:: Assignment ::
Could you print the stretch of lines below from the one with "An S-Bahn train" through the one with "Men's Streetwear Shorts, Flower", exactly as they stand and without any pictures?

** Extracted records follows **

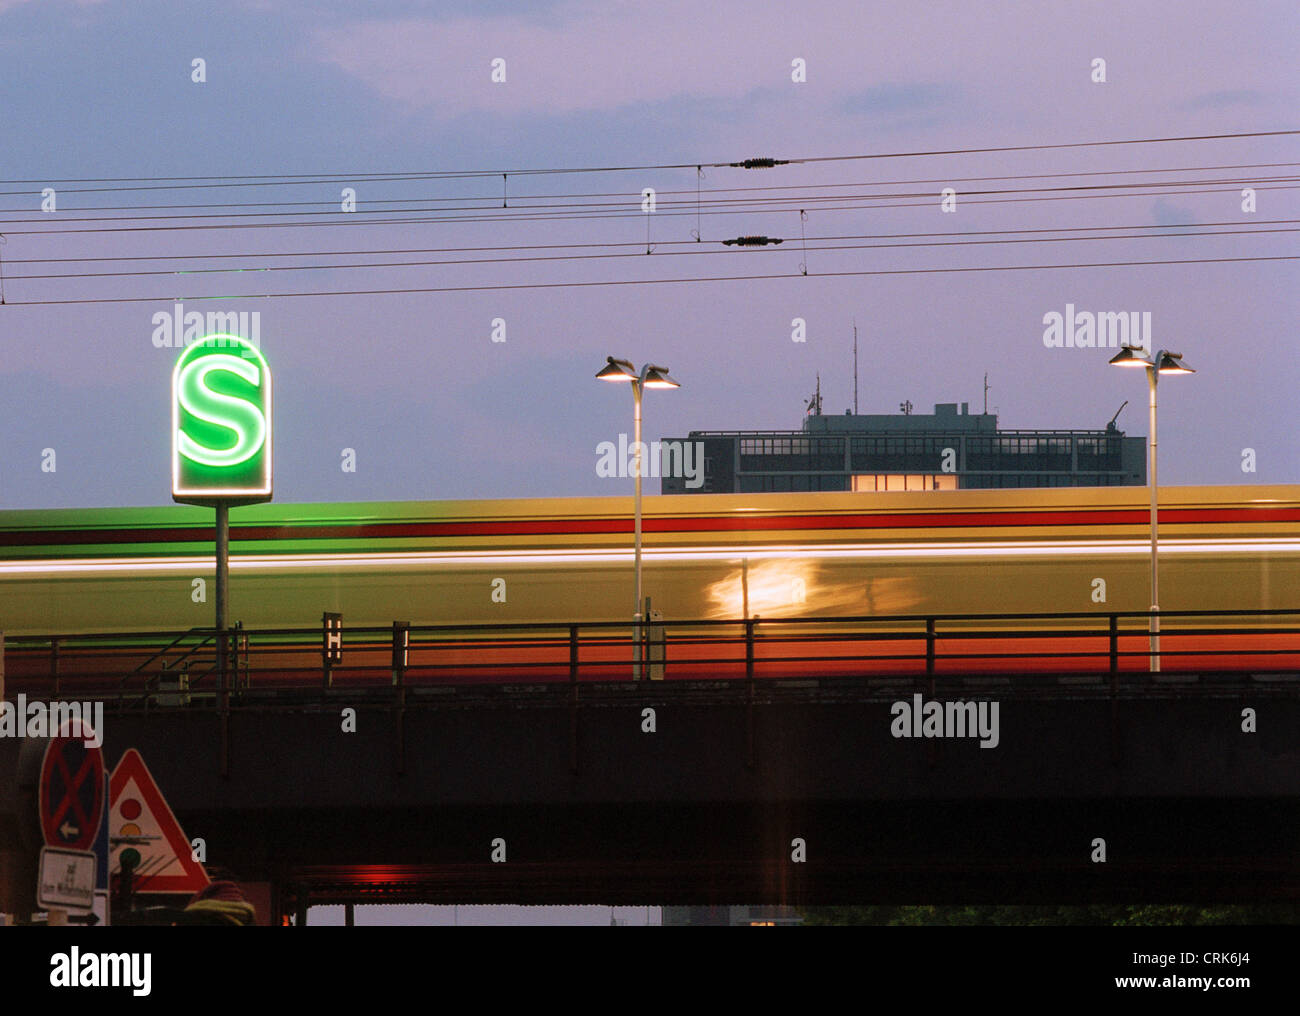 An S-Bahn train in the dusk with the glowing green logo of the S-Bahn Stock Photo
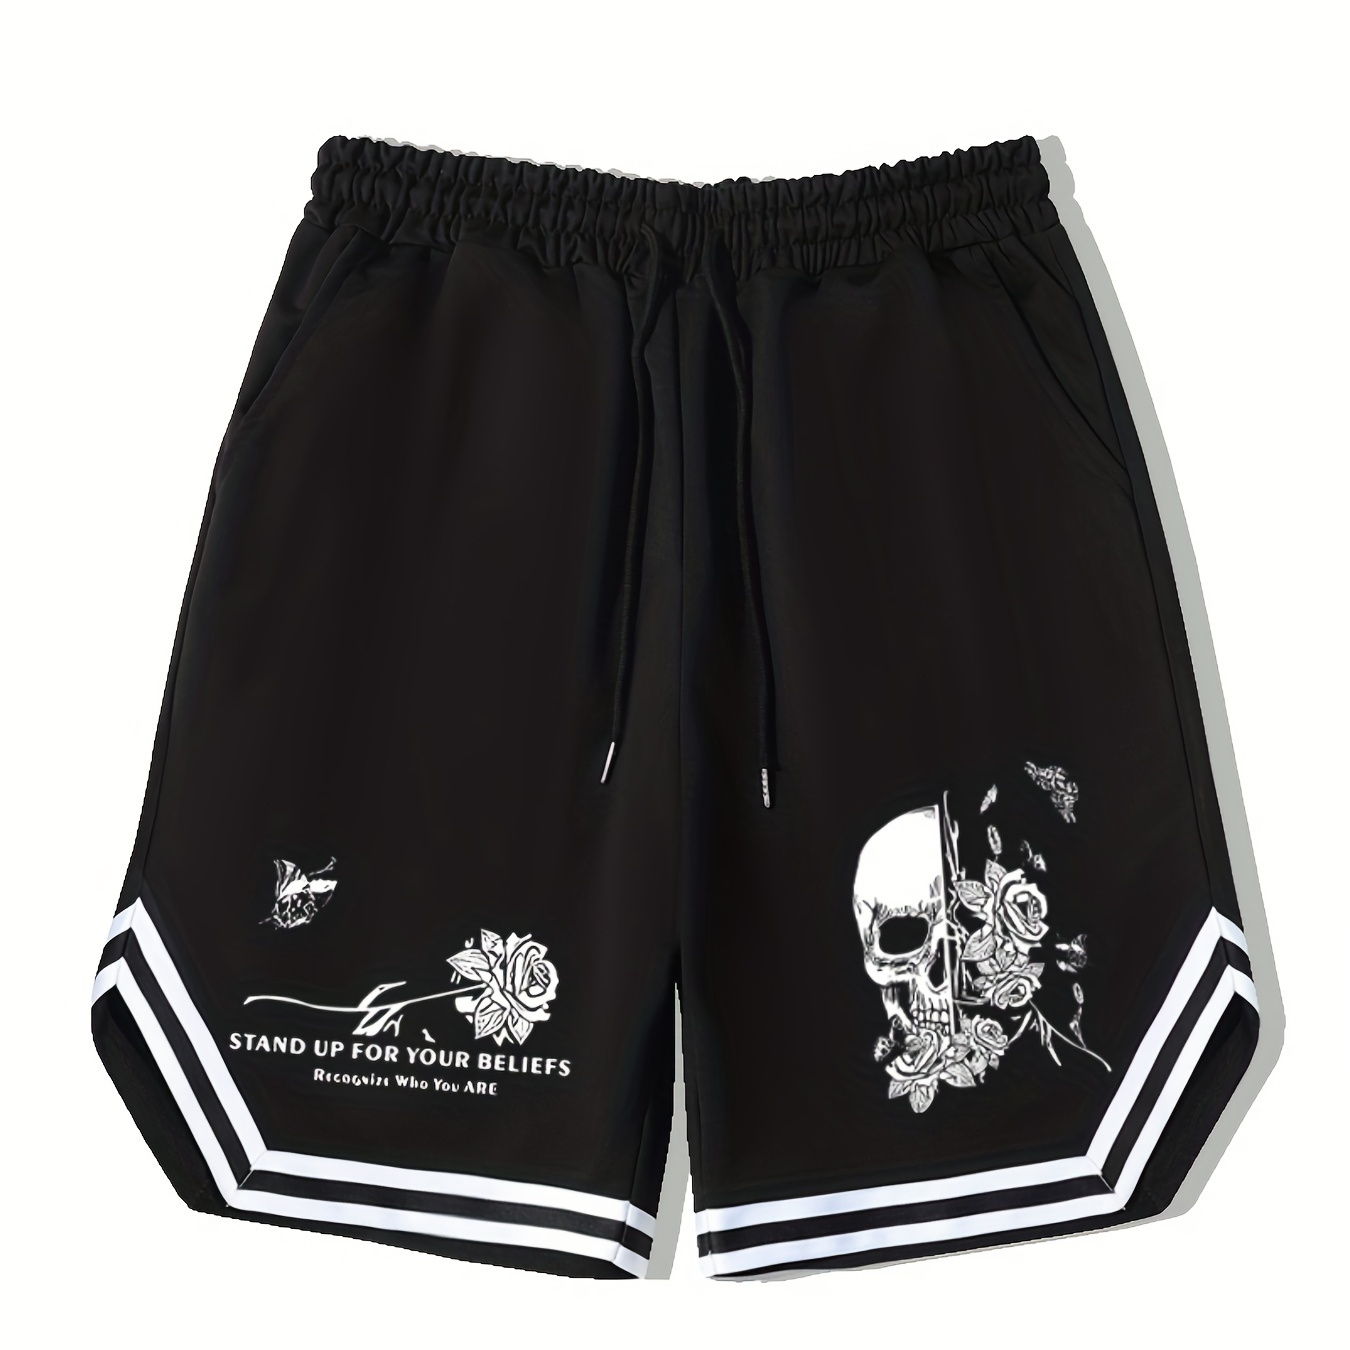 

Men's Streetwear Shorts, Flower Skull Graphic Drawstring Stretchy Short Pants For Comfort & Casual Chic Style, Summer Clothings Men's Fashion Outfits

** End of Extracted records **
** Extracted records follows **

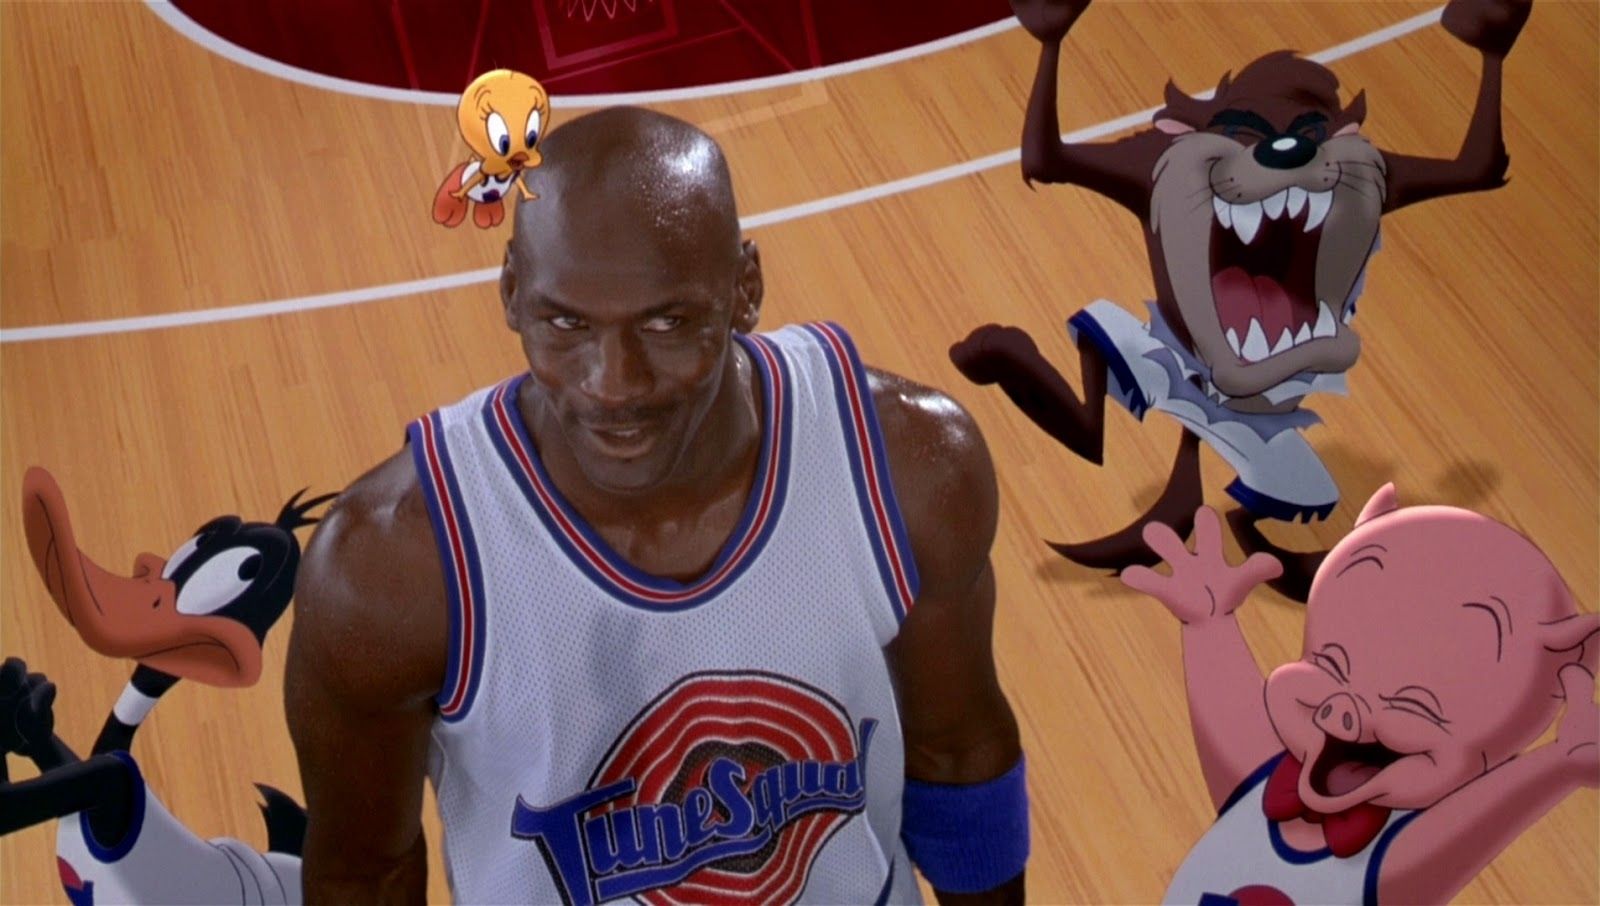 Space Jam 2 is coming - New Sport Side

** End of Extracted records **
** Extracted records follows **

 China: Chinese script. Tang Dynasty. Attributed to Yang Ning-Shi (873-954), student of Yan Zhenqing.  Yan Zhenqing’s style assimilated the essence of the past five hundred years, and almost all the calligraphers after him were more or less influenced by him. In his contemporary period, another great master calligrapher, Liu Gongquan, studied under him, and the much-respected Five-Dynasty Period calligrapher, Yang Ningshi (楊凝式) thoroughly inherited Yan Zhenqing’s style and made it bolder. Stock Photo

** End of Extracted records **

:: Expected output ::
 An S-Bahn train in the dusk with the glowing green logo of the S-Bahn Stock Photo

Men's Streetwear Shorts, Flower Skull Graphic Drawstring Stretchy Short Pants For Comfort & Casual Chic Style, Summer Clothings Men's Fashion Outfits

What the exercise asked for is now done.